# Rossini: Sonatas for Strings



## Oldhoosierdude (May 29, 2016)

Rossini: Sonatas for Strings were included on Amazon's Big Italian Box $.99 download. New to me. I was blown away. They are yet another of those fantastic pieces of music you don't hear much about. But that's OK, it makes it all the more enjoyable when you find it for the first time. I Really enjoy making these discoveries.

I Solisti di Zagreb, conductor and cellist Antonio Janigro. Recording from the mid 50's but you could never tell.


----------



## Pugg (Aug 8, 2014)

There are quit a few recordings out her, I Musici and Sir Neville Marriner with the Academy Of St. Martin In The Fields are outstanding.


----------



## Heliogabo (Dec 29, 2014)

Marriner and ASMF for me. 
Since I'm a Janigro's fan I'm curious about the performance you mention.


----------



## Headphone Hermit (Jan 8, 2014)

Great music - written when he was very young, if I remember correctly. Very enjoyable - looks as if you grabbed a bargain


----------



## Holden4th (Jul 14, 2017)

Headphone Hermit said:


> Great music - written when he was very young, if I remember correctly. Very enjoyable - looks as if you grabbed a bargain


12 years old I believe.


----------



## mooche (Jan 12, 2014)

Last year Australian Eloquence reissued the recording by Salvatore Accardo

https://www.prestoclassical.co.uk/classical/products/8167325--rossini-sonate-a-quattro-bottesini-gran-duo-concertante


----------



## Holden4th (Jul 14, 2017)

Just listened to the Marriner ASMF recording - superb. It's crisp and articulate. A lot of the other recordings tend to be a bit syrupy, especially in the opening movement of #1.

I think I've got the Rossini Ensemble on Naxos at home.


----------



## Heck148 (Oct 27, 2016)

I love version he did for woodwind 4tet....flute, clarinet, horn, bassoon...great fun to play, always audience favorites.


----------



## Rossiniano (Jul 28, 2017)

These were indeed written at age 12 and were originally conceived as one to a part for two violins, cello, and double base. They are mostly done by a small string ensemble. I have and like I Musici. Marriner is too smooth sounding in my opinion and that's because he adds a viola part to fill in the "missing" middle part thus falsifying what was originally composed. That makes things sound more slick and traditional and robs the pieces of their unique lean sonority. Indeed the bass heavy sound and the independent double bass lines and solos are some of the many charms of these delightful pieces. 
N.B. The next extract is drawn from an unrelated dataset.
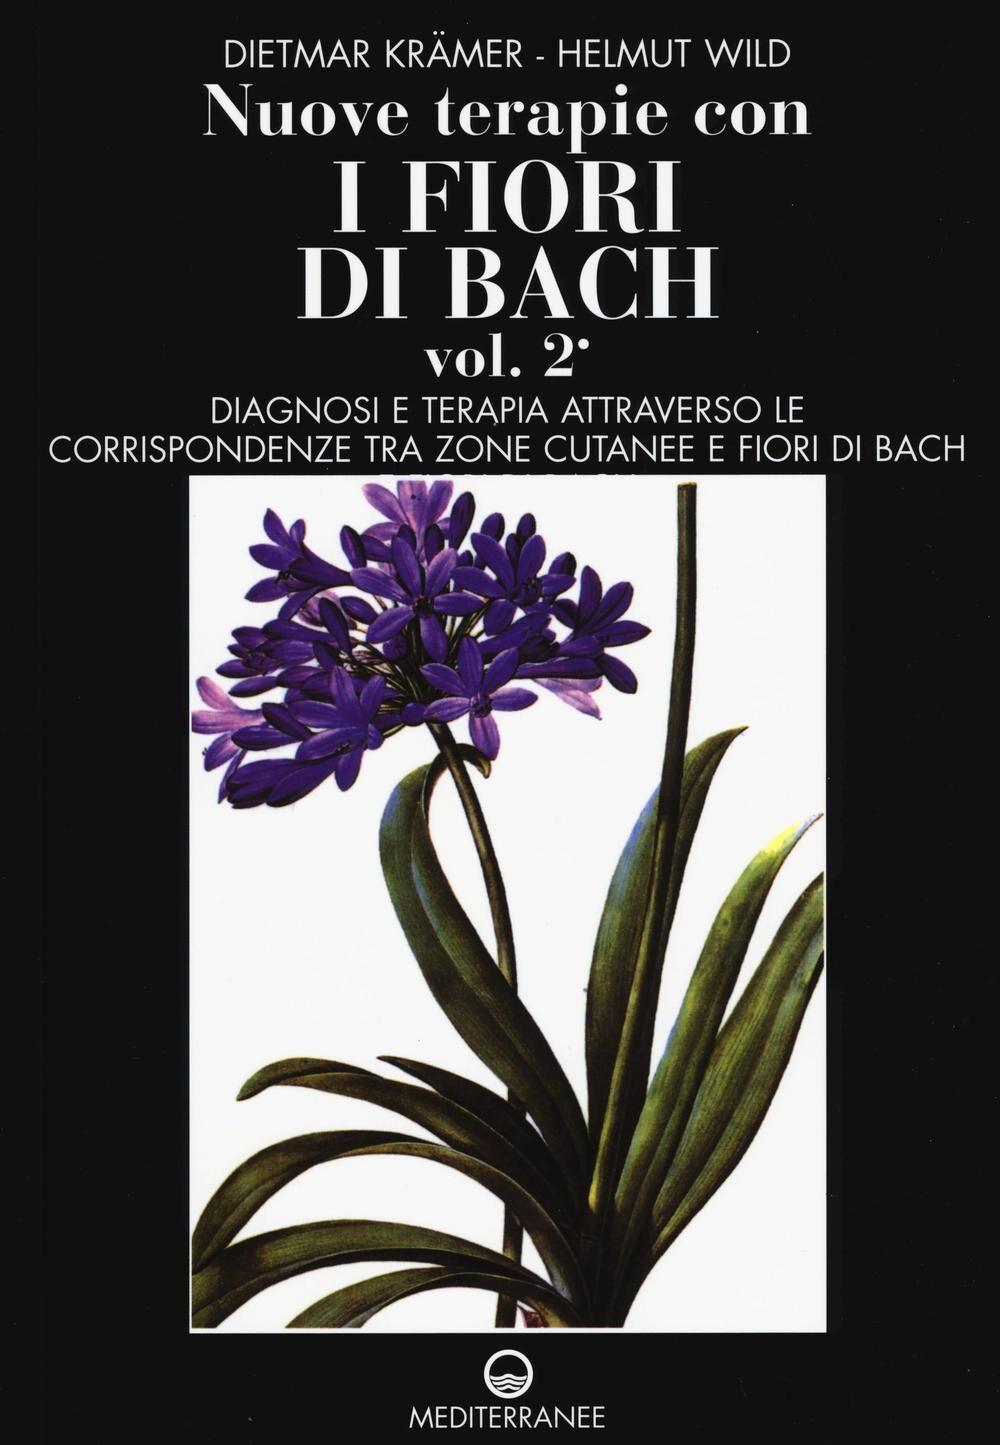 Nuove terapie con i fiori di Bach. Vol. 2: Diagnosi e terapia attraverso le corrispondenze tra zone cutanee e fiori di Bach.

I have not heard the Accardo, but that is one to a part with Accardo taking the first violin part. There are some interesting fillers on the second CD. I'm tempted as really they should be performed by a quartet albeit of the non-traditional type.


----------



## Donna Elvira (Nov 12, 2017)

Rossiniano said:


> really they should be performed by a quartet albeit of the non-traditional type.


I also enjoy the original one to a part.
These are really good pieces to perk up one's spirits.
Perhaps it's a bit like the early quartets, scored for a regular string quartet by Donizetti.
His teacher Simon Mayr considered them as good practice to learn to write operas.

Ensemble Explorations on Harmonia Mundi is the one I'm familiar with in my collection.


----------